Despite her efforts, major supporters of the event withdrew, including MinterEllison, the country’s largest law firm, which said it did not support “racist or antisemitic commentary.”

Australia’s Zionist Federation welcomed the “principled” decision, adding that MinterEllison’s withdrawal was a rejection of both antisemitism and those “prepared to give it a voice.”

South Australian Premier Peter Malinauskas declared he would not attend his state’s signature festival over the row, but refused to withdraw government funding for the fair, arguing that to do so would set a precedent that could lead to censorship akin to that practiced in Russia.

Amid the controversy, both writers appeared at the festival in front of sell-out crowds, with some local commentators postulating that the noise created by Jewish and Ukrainian interest groups unwittingly drew more curious festival-goers to their events, strengthening their platform.

At the festival, El-Kurd, via videolink, claimed that Israelis harvest Palestinian organs, a trope he has repeated on multiple occasions. He reportedly told the Adelaide crowd that it was his “favorite line of poetry.”

File: Screen capture from video of Palestinian poet and activist Mohammed El-Kurd as he addressed a solidarity event at the United Nations, November, 2021. (YouTube)

In one of Abulhawa’s sessions, she accused Jewish settlers of poisoning and destroying Palestinian water sources. Jews in medieval Europe were periodically accused of poisoning wells in an effort to kill Christians, often resulting in deadly pogroms.

In one incident at the festival, an attendee speaking during a questions and answers segment said that the Zionist movement had collaborated with Nazi Germany, prompting event organizers to cut the microphone before she could finish.

“Zionists have only existed for over 100 years as an ideology, not a religion or race, started by Theodor Herzl, an Austrian,” she began.

“Because he presented a colonial project that appealed to Western imperialists like the US, and colluded with German Nazis to undermine German Jews and European Jews during the Holocaust,” she added, before the microphone was cut off.
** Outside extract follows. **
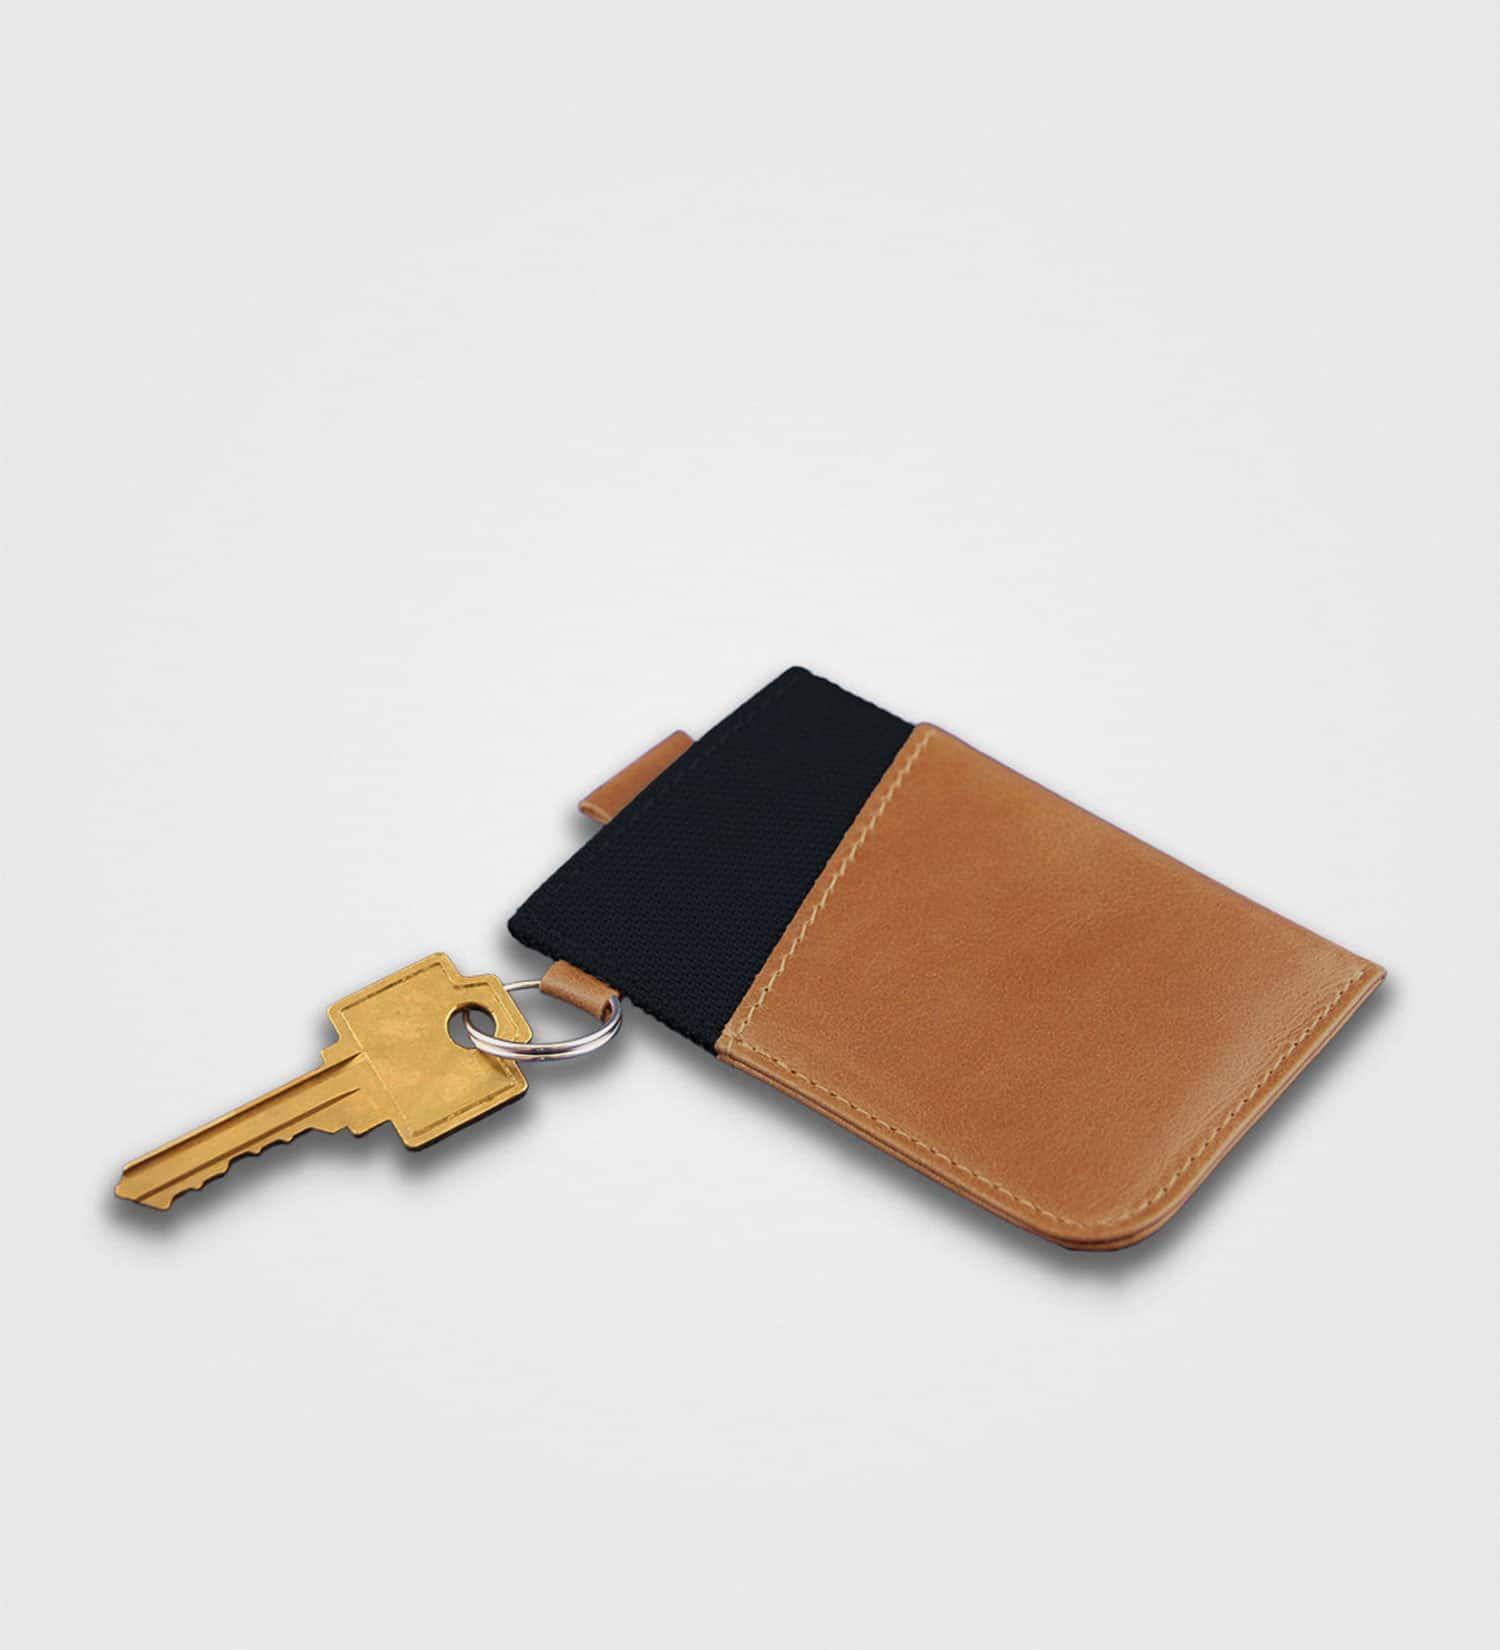 Žepek za kartice wolyt sleeve z obeskom

Other audience members could be heard gasping and sniggering at the baseless assertion.

Having followed the hubbub in the Australian media in the lead-up to the event, Josh Feldman, 23, a pro-Israel activist and writer, flew from his home in Melbourne to attend the writers’ week in Adelaide.

Feldman, who decided to keep his Jewish identity under wraps at the festival, told The Times of Israel that he was drawn to the event because of the international notoriety of the two Palestinian writers, whom he accused of having “disgusting histories of antisemitism.”
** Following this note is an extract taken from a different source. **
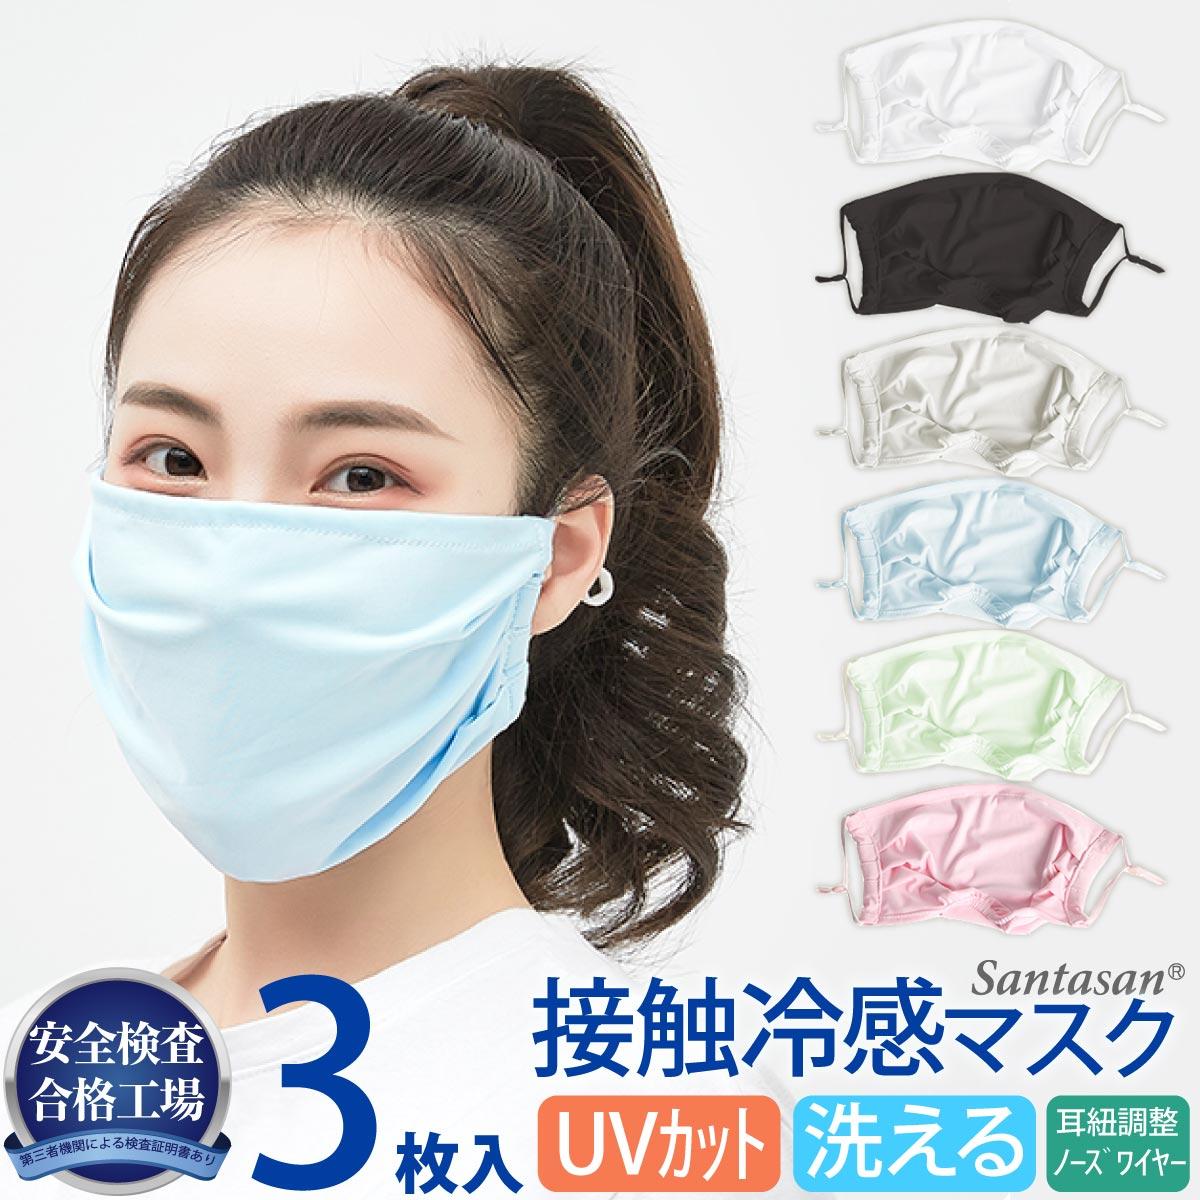 花粉 ウィルス対策 洗えるマスク ふつうサイズ マスク 夏用 日本製 3枚 秀逸 接触冷感 UVカット 布マスク 夏 蒸れない 冷感マスク 夏用マスク 大人用 涼しい ひんやり 立体マスク

While there was no official counter-demonstration, Feldman noted that at least one national Jewish organization, which he did not name, handed out leaflets detailing the antisemitic remarks of El-Kurd and Abulhawa.
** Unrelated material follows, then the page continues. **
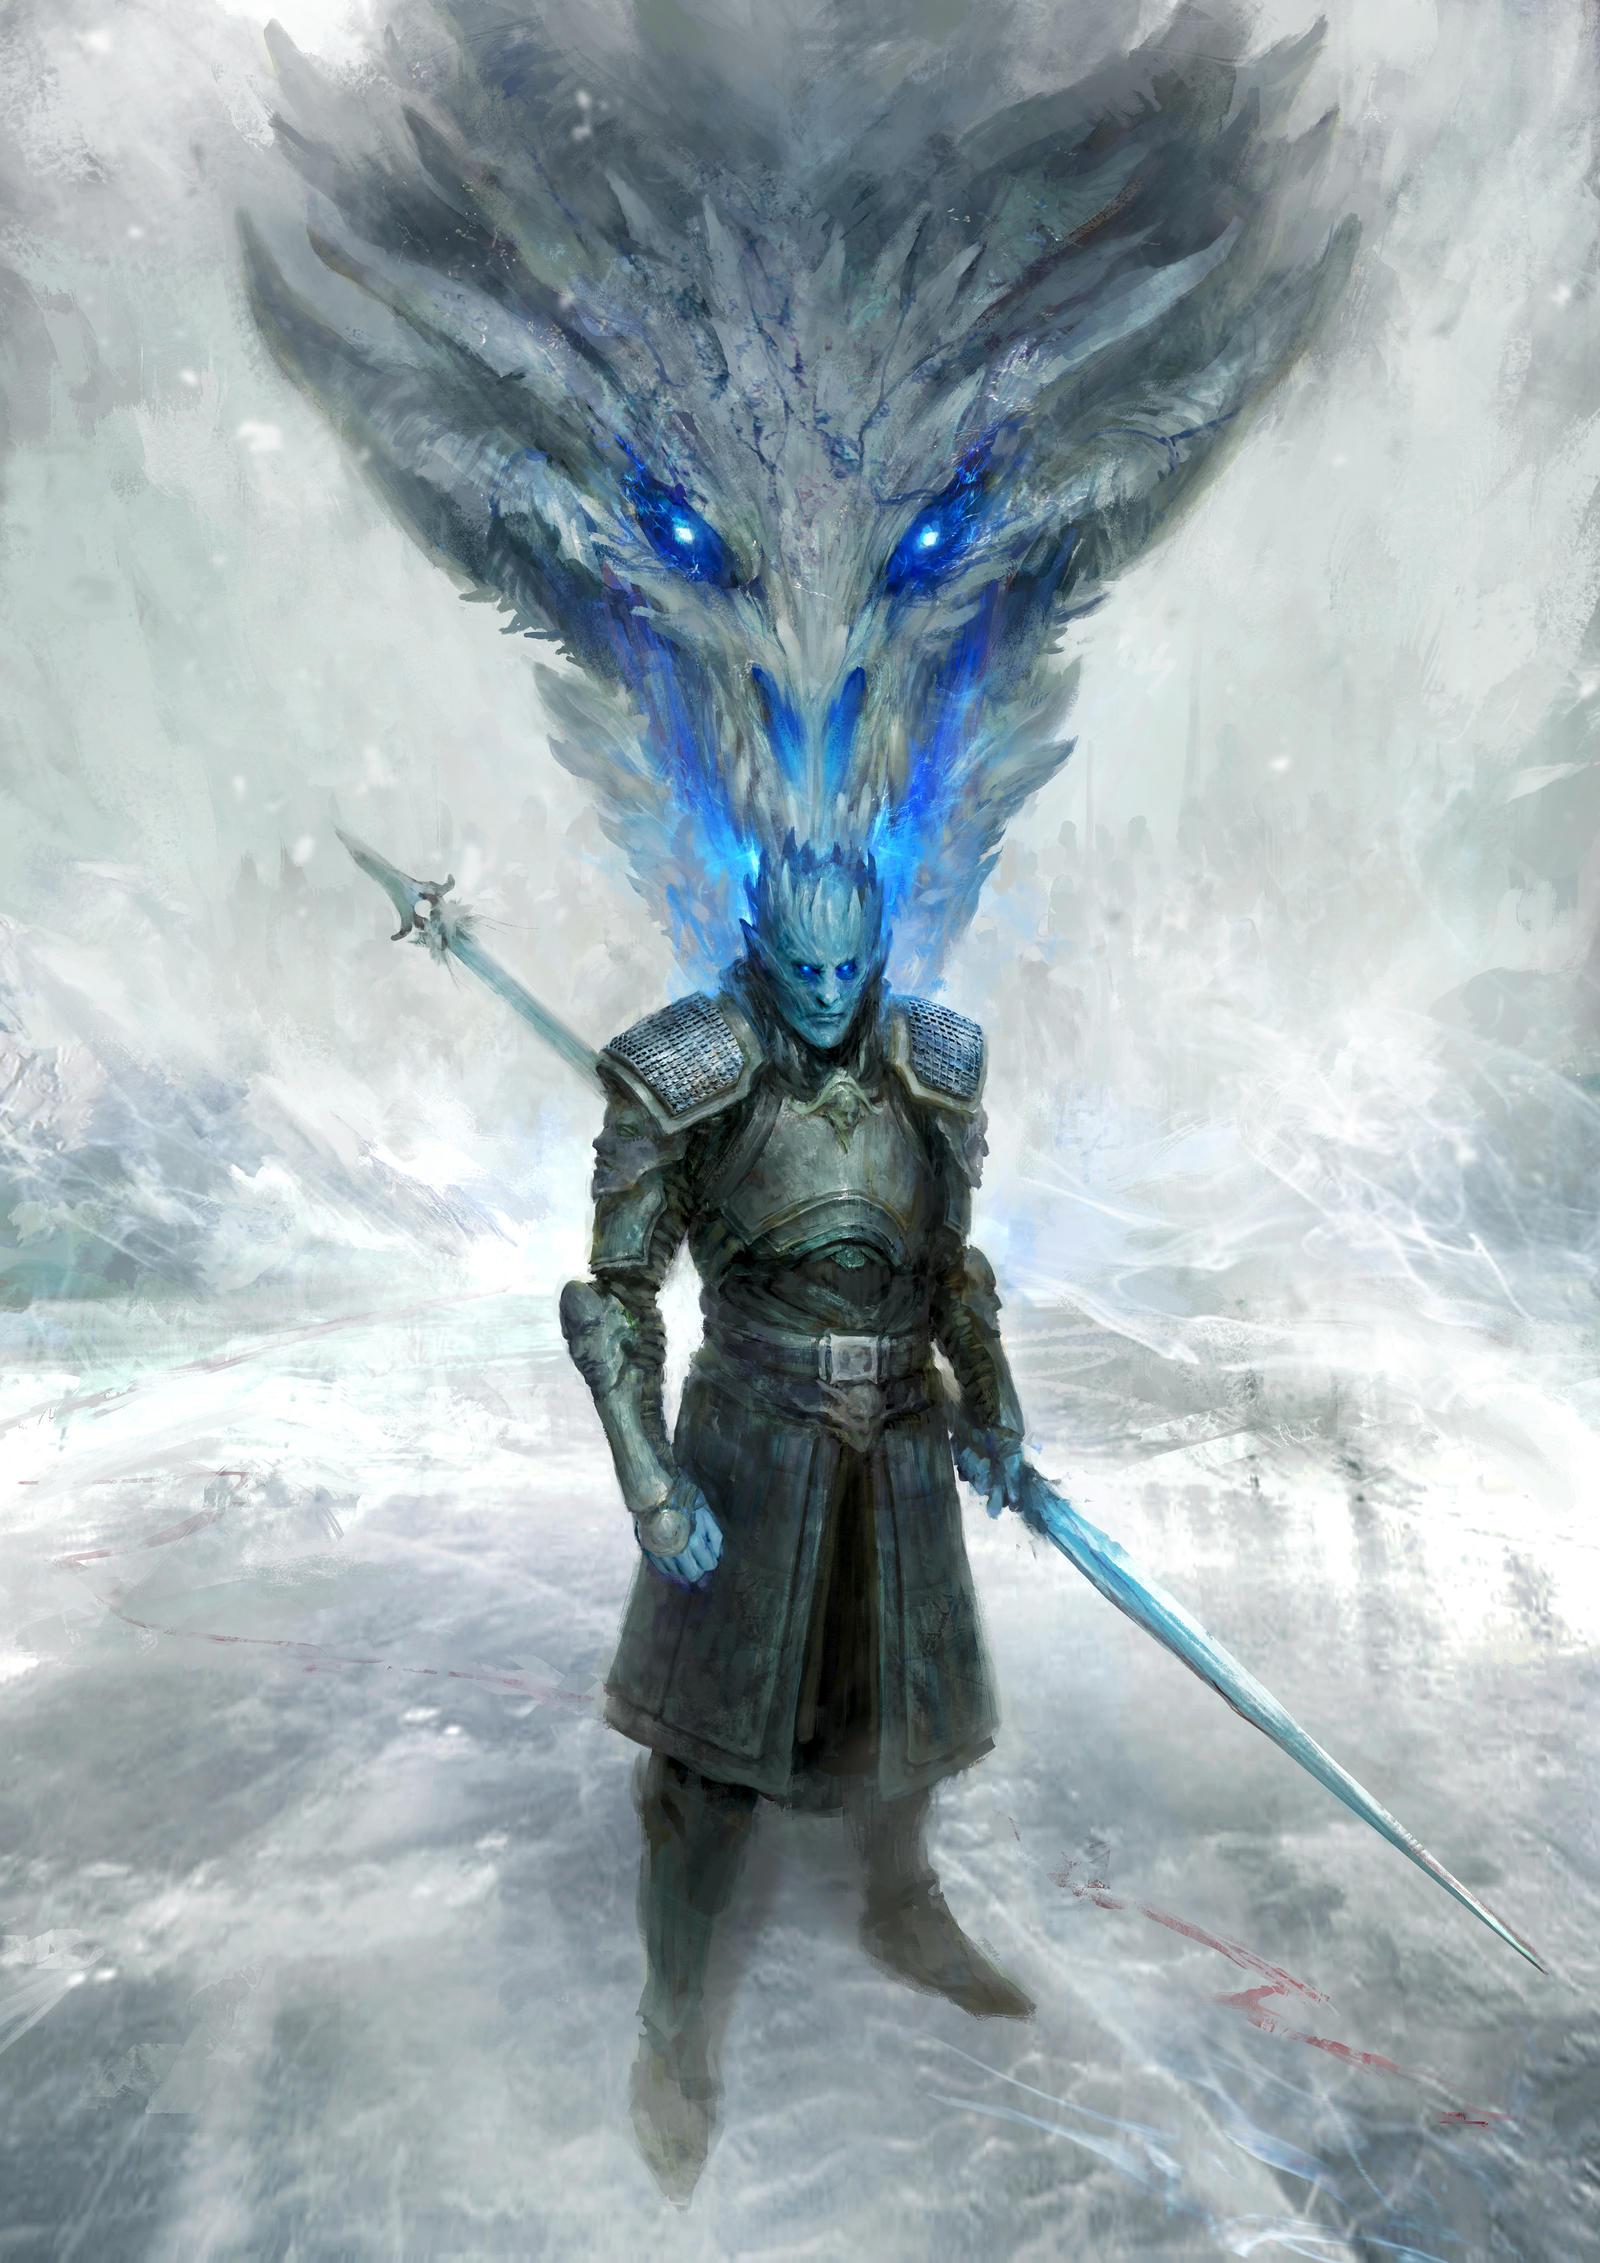 Game of Thrones: Winter's heeEEEEEeere by theDURRRRIAN

Feldman recalled one incident, where a moderator, in the process of asking a question of Abulhawa, described Israel as an apartheid state.

“I’m glad you described it that way. Apartheid doesn’t even begin to describe what Israel is,” Feldman quoted Abulhawa as saying in response.

“In all these talks there was a clear implication that the Palestinians were indigenous to the land and the Jews have no connection there, they’re European colonialists. It was totally disconnected from reality,” said Feldman, asserting that no one in the crowd objected to any of the comments throughout the five days of the festival.

Caroline Overington, a reporter for The Australian newspaper who also attended the festival, wrote: “Words like pogrom, massacre and apartheid were used, and there was nobody to object. Nobody talked about Israelis being blown up on buses or knifed in the street; nobody talked about suicide bombings that killed thousands of Jews in Israel before the controversial wall went up. Israel was the villain.”

“[Moderator] Sophie McNeill didn’t pretend to be impartial. She told the audience the organization she represents, Human Rights Watch, considered Israel guilty of apartheid,” she said.

McNeill, a former Middle East correspondent for the Australian government broadcaster, was persistently accused of harboring anti-Israel bias in her reporting of the Israeli-Palestinian conflict.